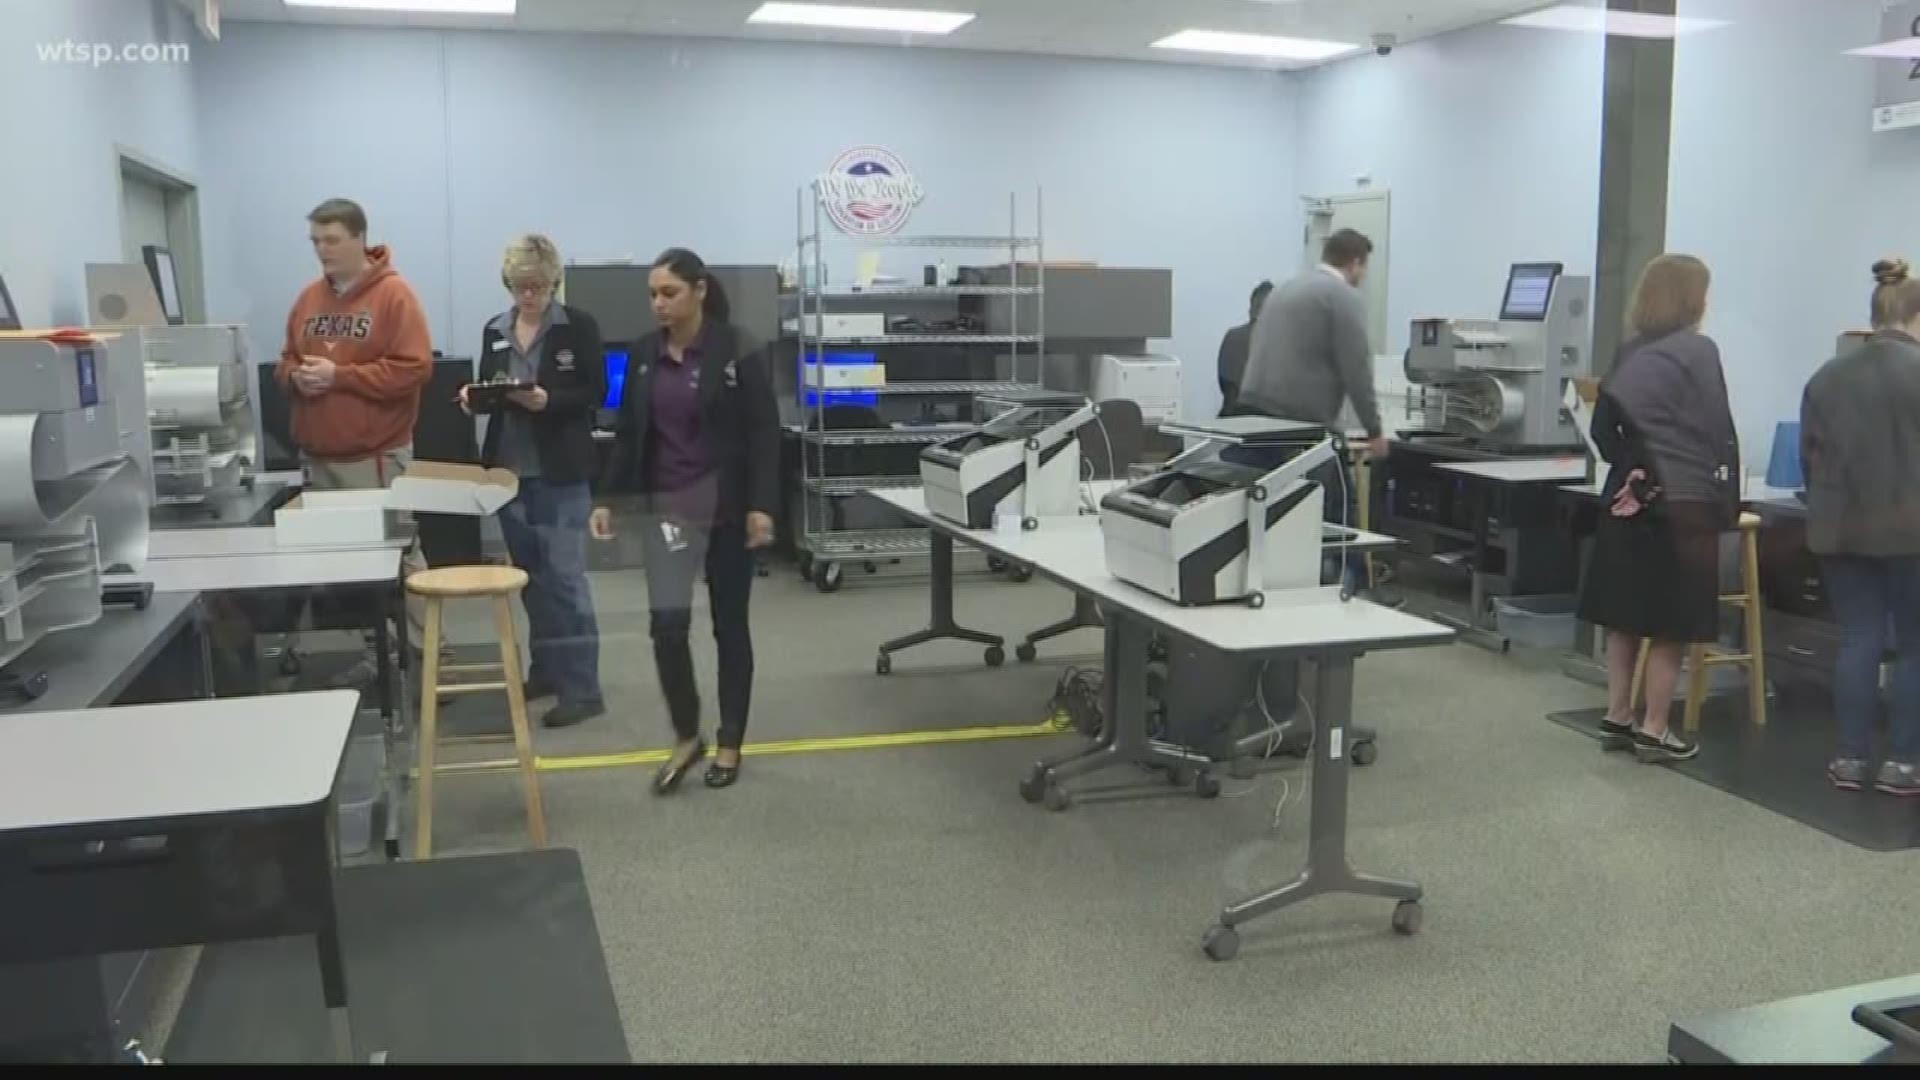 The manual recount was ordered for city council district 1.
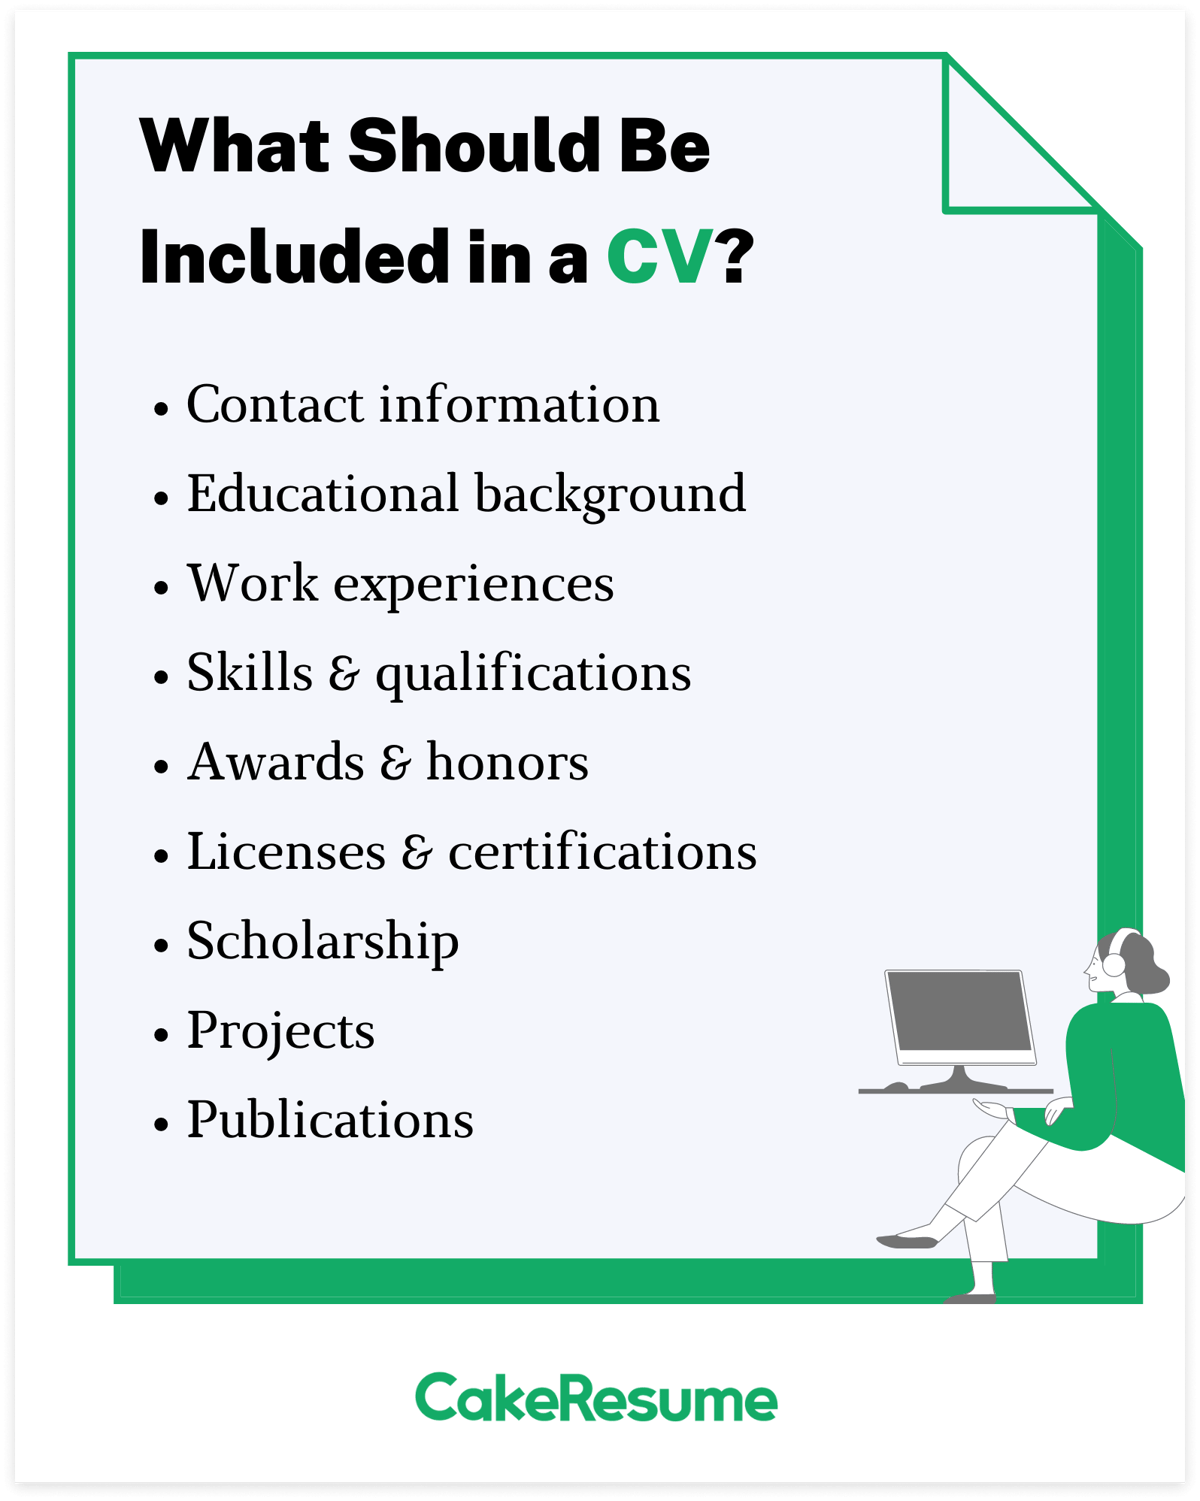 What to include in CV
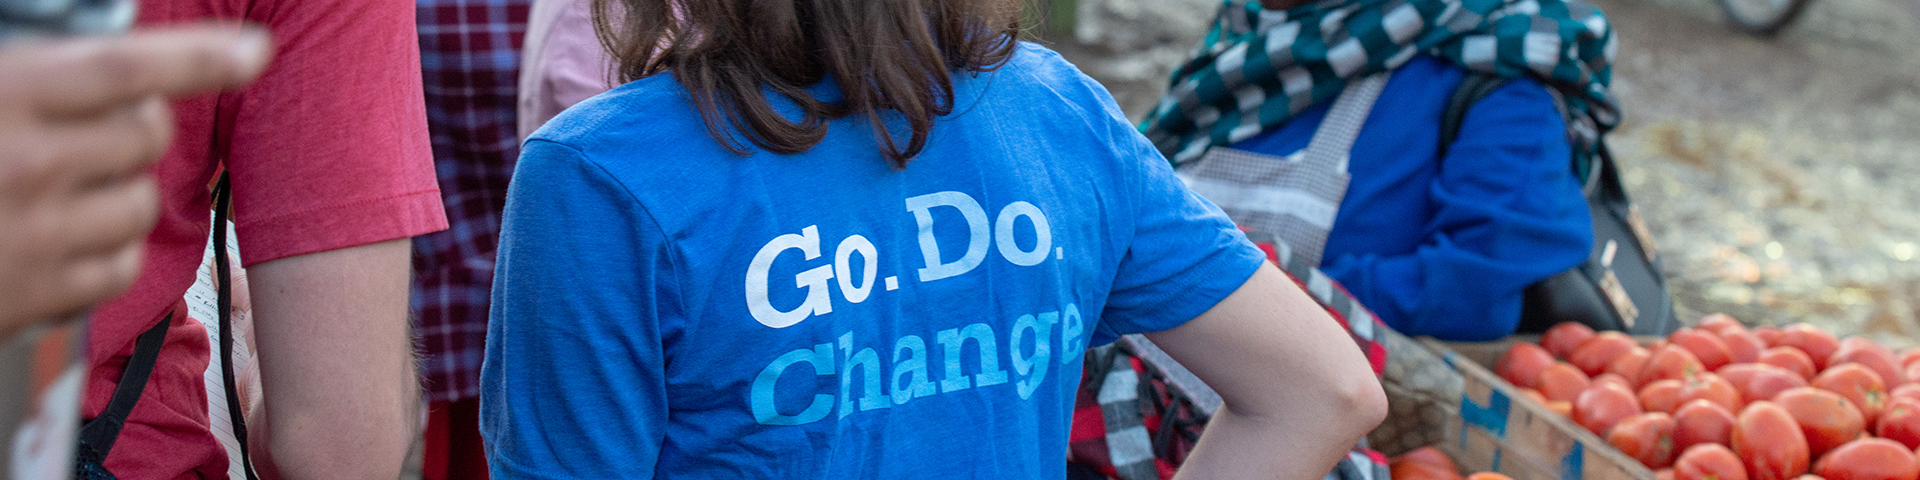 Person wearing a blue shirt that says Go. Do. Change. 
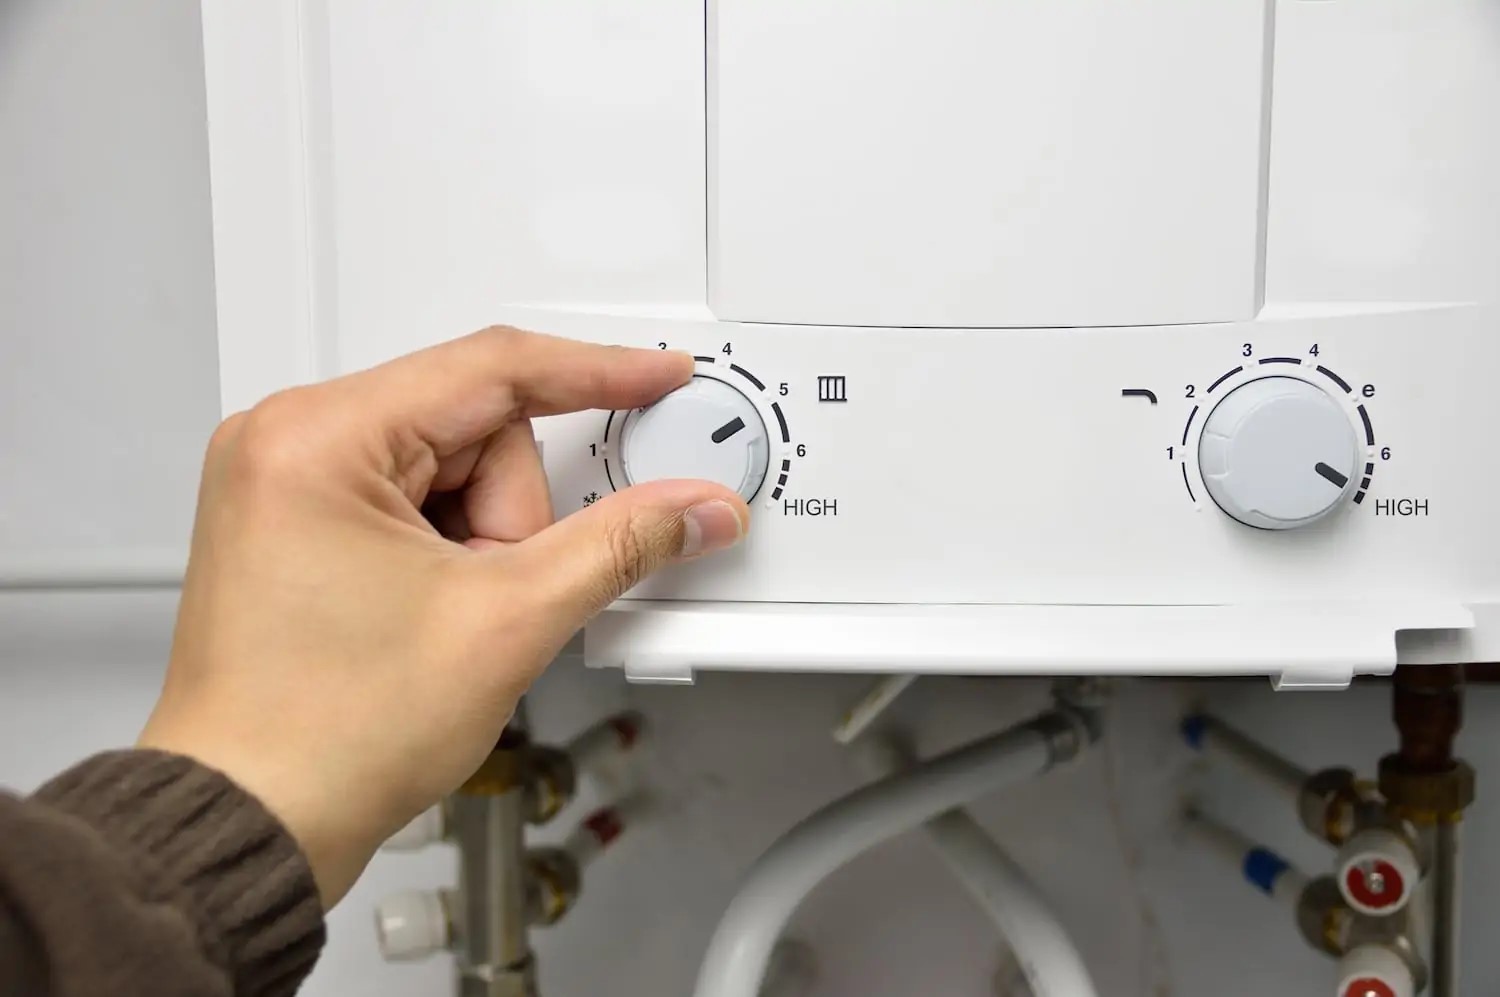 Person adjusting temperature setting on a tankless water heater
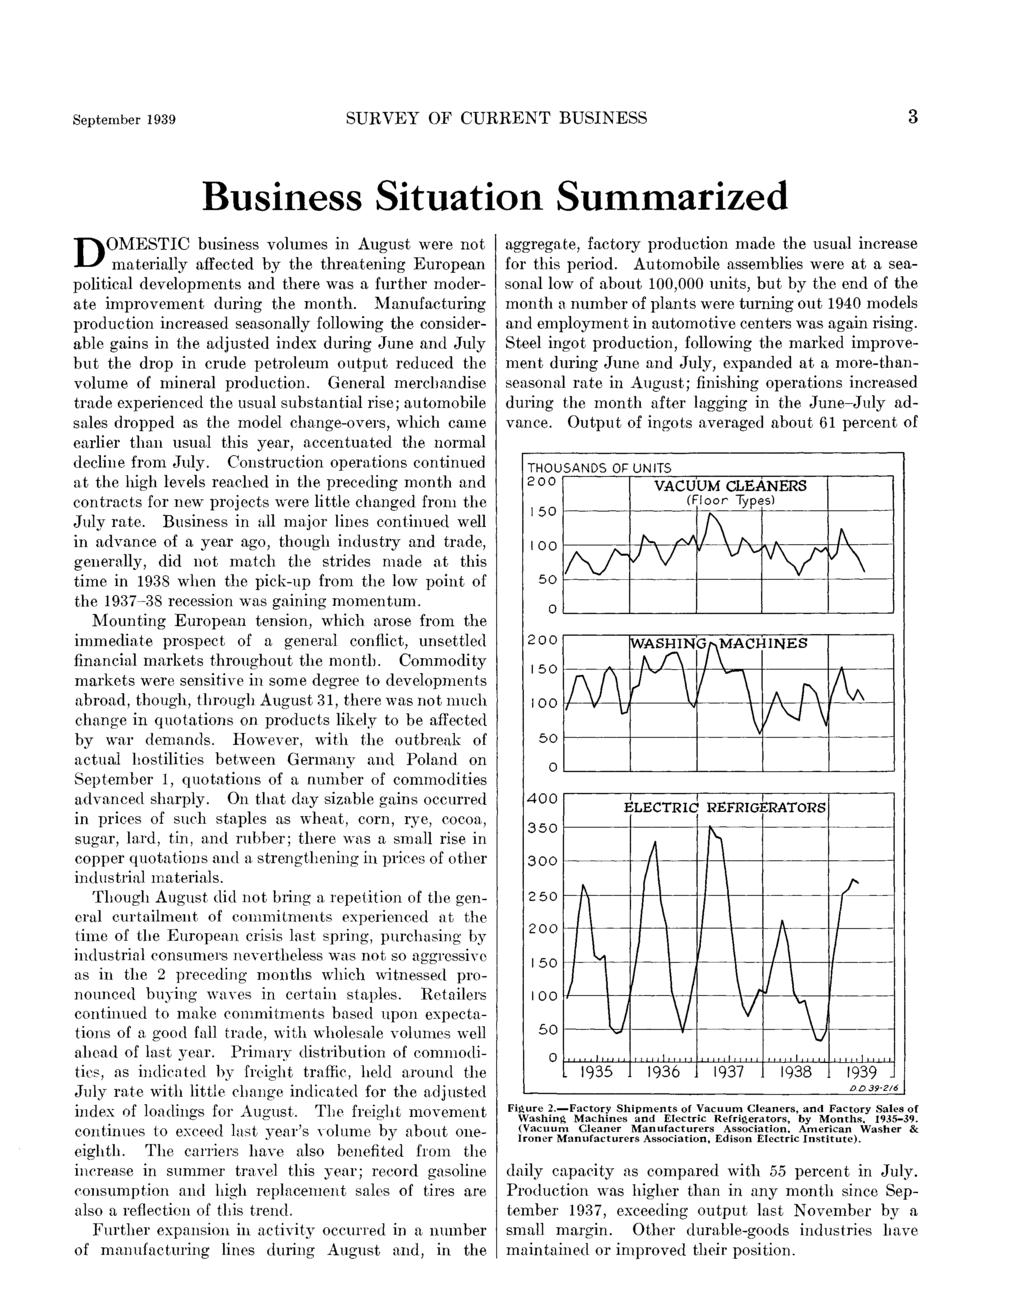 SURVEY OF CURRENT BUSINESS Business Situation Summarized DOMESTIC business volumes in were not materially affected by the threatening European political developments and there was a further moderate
==================================================
■ **Work to complete**:
Print the records again exactly. Skip every picture.

■ **Answer to this problem**:
 The manual recount was ordered for city council district 1.
 What to include in CV
 Person wearing a blue shirt that says Go. Do. Change. 
 Person adjusting temperature setting on a tankless water heater
 SURVEY OF CURRENT BUSINESS Business Situation Summarized DOMESTIC business volumes in were not materially affected by the threatening European political developments and there was a further moderate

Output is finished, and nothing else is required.